PROJECT SUMMARY / ABSTRACT Rhabdomyosarcoma (RMS) is a devastating pediatric soft tissue cancer with morphological features of develop- ing skeletal muscles. Although most patients with RMS achieve a complete remission, one third will develop disease recurrence which is associated with a dismal clinical outcome. These clinical challenges underscore an urgent need to identify patients at risk for resistance and develop better therapy to reduce the risk of recurrence. Our pilot study revealed that rhabdomyosarcoma tumors have developmental intratumoral heterogeneity: differ- ent cells in a single tumor harbor transcriptomic feature of different myogenic stages. Moreover, tumor cells with developmentally immature characteristics are enriched in post-therapy specimens and have the potential to rep- licate and reconstitute the entire developmental trajectory after therapy. In this application, we will develop com- putational analysis methods to unambiguously identify immature tumor subpopulations in single cell RNA-seq data and to reveal their master deregulated genes (Aim 1); In Aim 2, we will characterize the changes in those transcriptional networks and cellular states during treatment in orthoptic patient derived xenograft models (O- PDXs) in vivo. And in Aim 3, we will develop an innovative deep-learning data mining approach to evaluate the prognostic significance of the myogenic transcriptional networks that underly RMS cellular heterogeneity in pa- tient tumors. The proposed study integrates computational, statistical and experimental approaches to study the role of immature cell populations in rhabdomyosarcoma recurrence. Building upon our computational expertise, research experience in rhabdomyosarcoma, robust preliminary results and highly productive collaborations with multi-disciplinary expertise in genomics/epigenomics, machine learning, Bayesian statistics and translational re- search in rhabdomyosarcoma, we are in a unique position to achieve the goals of this research proposal. The proposed research will be impactful because it will potentially change how we treat children with rhabdomyosar- coma and the developed computational/statistical approaches will be broadly applicable to cancer research.

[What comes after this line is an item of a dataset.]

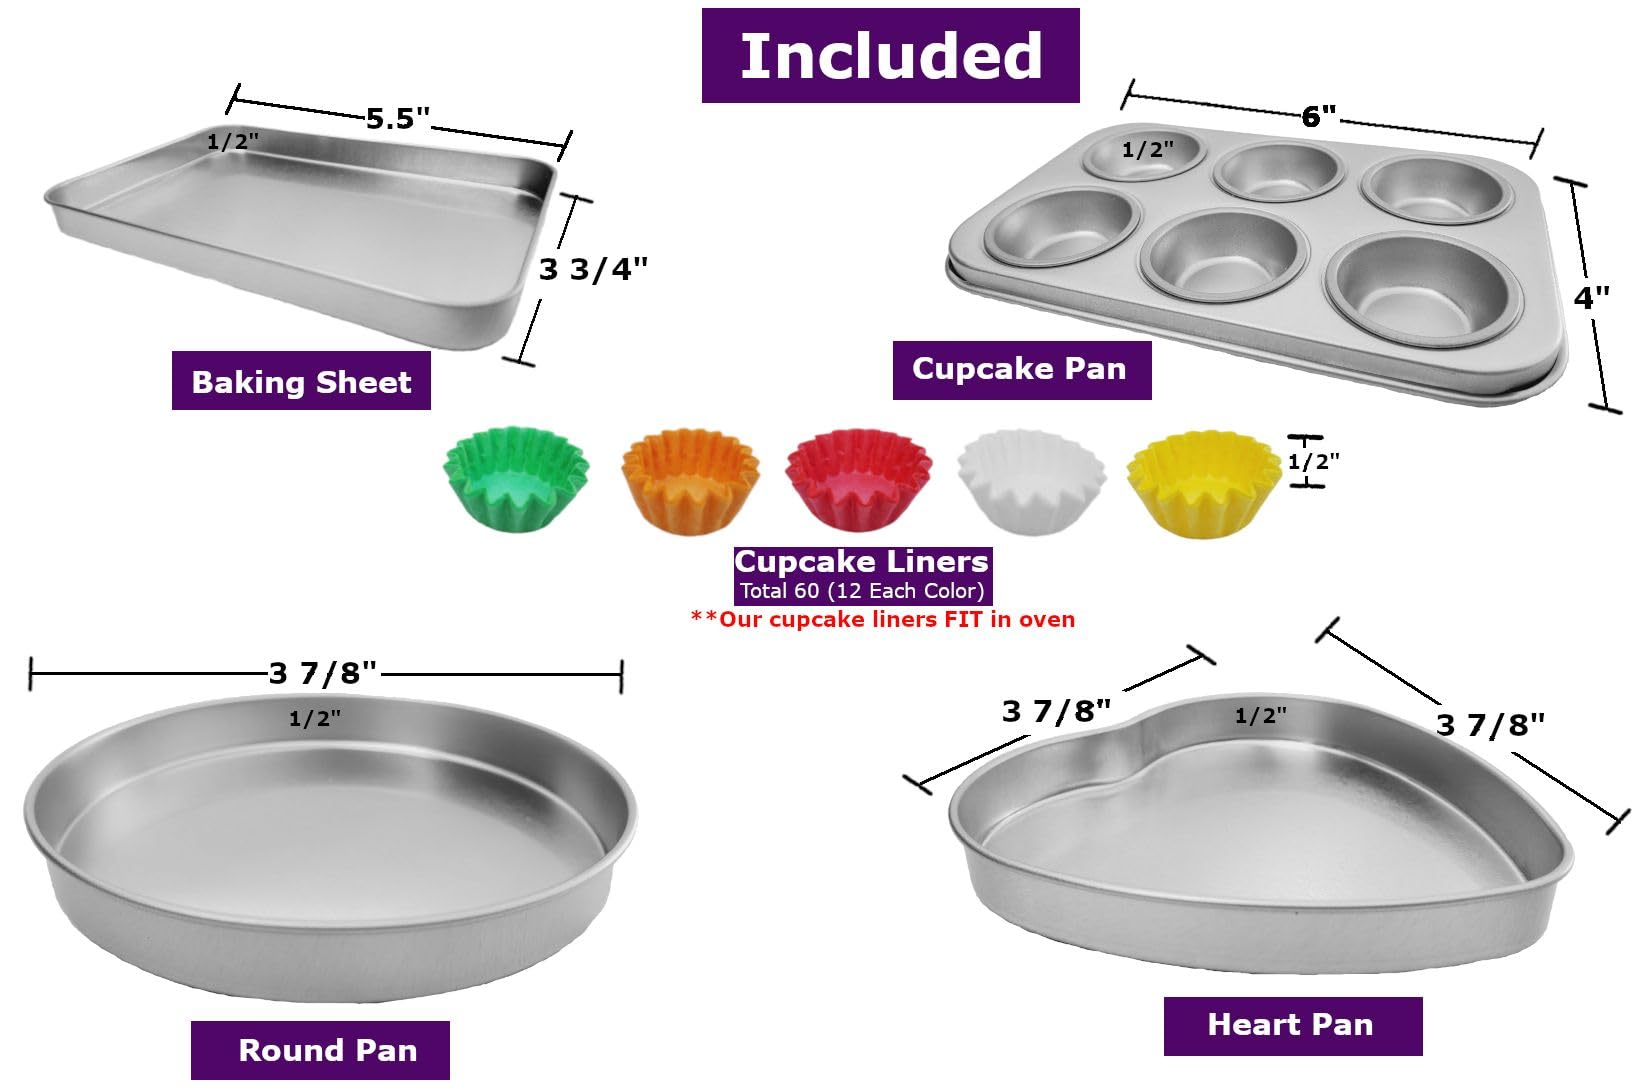 Quadrapoint Deluxe Pan Set Compatible with Easy Bake Ultimate Oven | Includes 60 Cupcake Liners THAT WILL FIT, UNLIKE OTHERS!!

项目摘要/摘要 横纹肌肉瘤(RMS)是一种严重的儿科软组织癌，其形态特征主要表现为进展性软组织肉瘤和恶性软组织癌。 骨骼肌。虽然大多数RMS患者都能完全缓解，但仍有三分之一的患者会发展 与令人沮丧的临床结果相关的疾病复发。这些临床挑战强调了一种 迫切需要确定有耐药风险的患者，并开发更好的治疗方法，以降低复发风险。 我们的初步研究显示，横纹肌肉瘤具有发育性的瘤内异质性： 单个肿瘤中的ENT细胞具有不同肌发生阶段的转录特征。此外，肿瘤细胞与 发育不成熟的特征在治疗后的标本中丰富，并有可能代表 切割并重建治疗后的整个发育轨迹。在本应用程序中，我们将开发COM- 在单细胞RNA-SEQ中明确识别未成熟肿瘤亚群的假设分析方法 数据，并揭示它们主要的非调控基因(目标1)；在目标2中，我们将描述这些基因的变化 直视患者来源的异种移植模型治疗期间的转录网络和细胞状态 PDXs)在体内。在目标3中，我们将开发一种创新的深度学习数据挖掘方法来评估 生肌性转录网络对PAS患者RMS细胞异质性的预后意义 乳头肿瘤。拟议的研究整合了计算、统计和实验方法，以研究 未成熟细胞群在横纹肌肉瘤复发中的作用。以我们的计算专业知识为基础， 横纹肌肉瘤的研究经验、稳健的初步结果以及与 在基因组学/表观基因组学、机器学习、贝叶斯统计和翻译再研究方面的多学科专业知识 在横纹肌肉瘤的研究中，我们处于独特的地位，可以实现本研究提案的目标。这个 拟议中的研究将产生影响，因为它可能会改变我们治疗横纹肌综合症儿童的方式。 Coma和开发的计算/统计方法将广泛适用于癌症研究。